■ TO DO
Somewhere below is a line with "Abbott Laboratories (Pakistan)" and, later, a line with "Volkswagen Caddy Van"; repeat those two lines and all the lines between them, exactly as they are.

■ RECORDS SUPPLIED
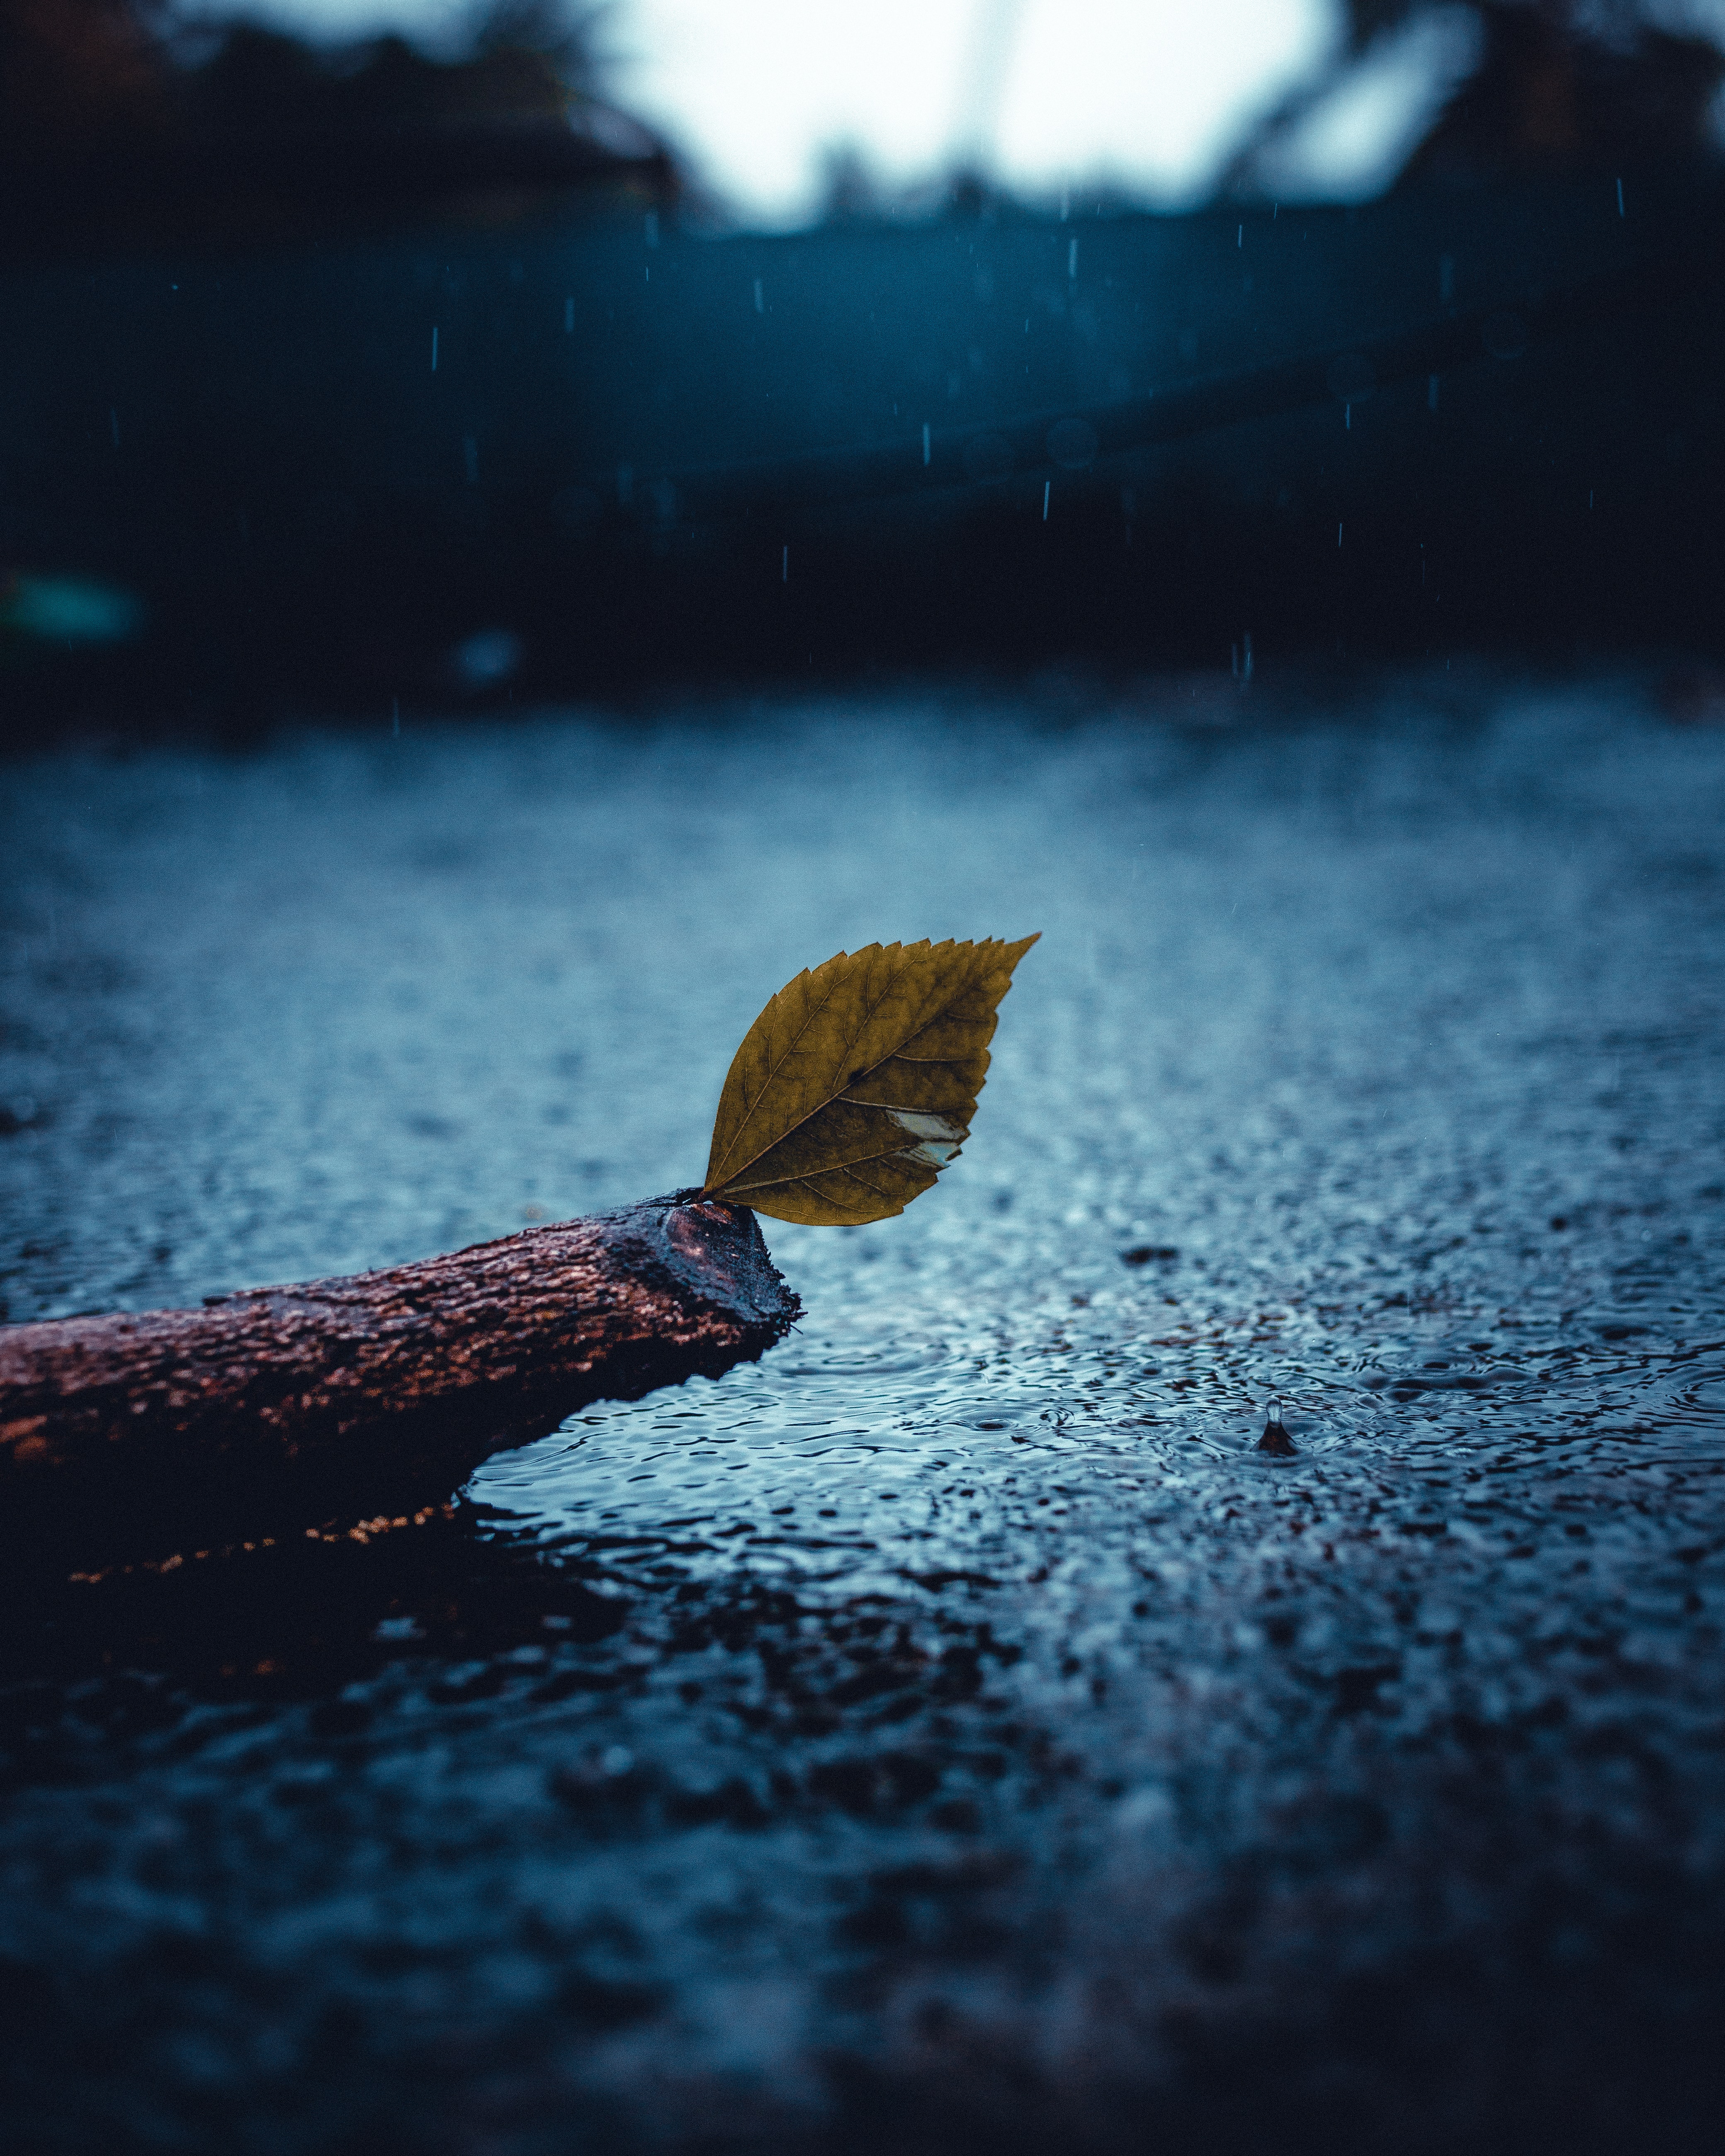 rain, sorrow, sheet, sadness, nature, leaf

==

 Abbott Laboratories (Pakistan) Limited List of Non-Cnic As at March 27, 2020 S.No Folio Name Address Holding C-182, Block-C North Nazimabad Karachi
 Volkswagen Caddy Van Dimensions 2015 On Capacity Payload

* * *

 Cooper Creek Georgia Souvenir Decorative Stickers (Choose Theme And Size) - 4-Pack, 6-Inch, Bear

■ EXPECTED ANSWER
 Abbott Laboratories (Pakistan) Limited List of Non-Cnic As at March 27, 2020 S.No Folio Name Address Holding C-182, Block-C North Nazimabad Karachi
 Volkswagen Caddy Van Dimensions 2015 On Capacity Payload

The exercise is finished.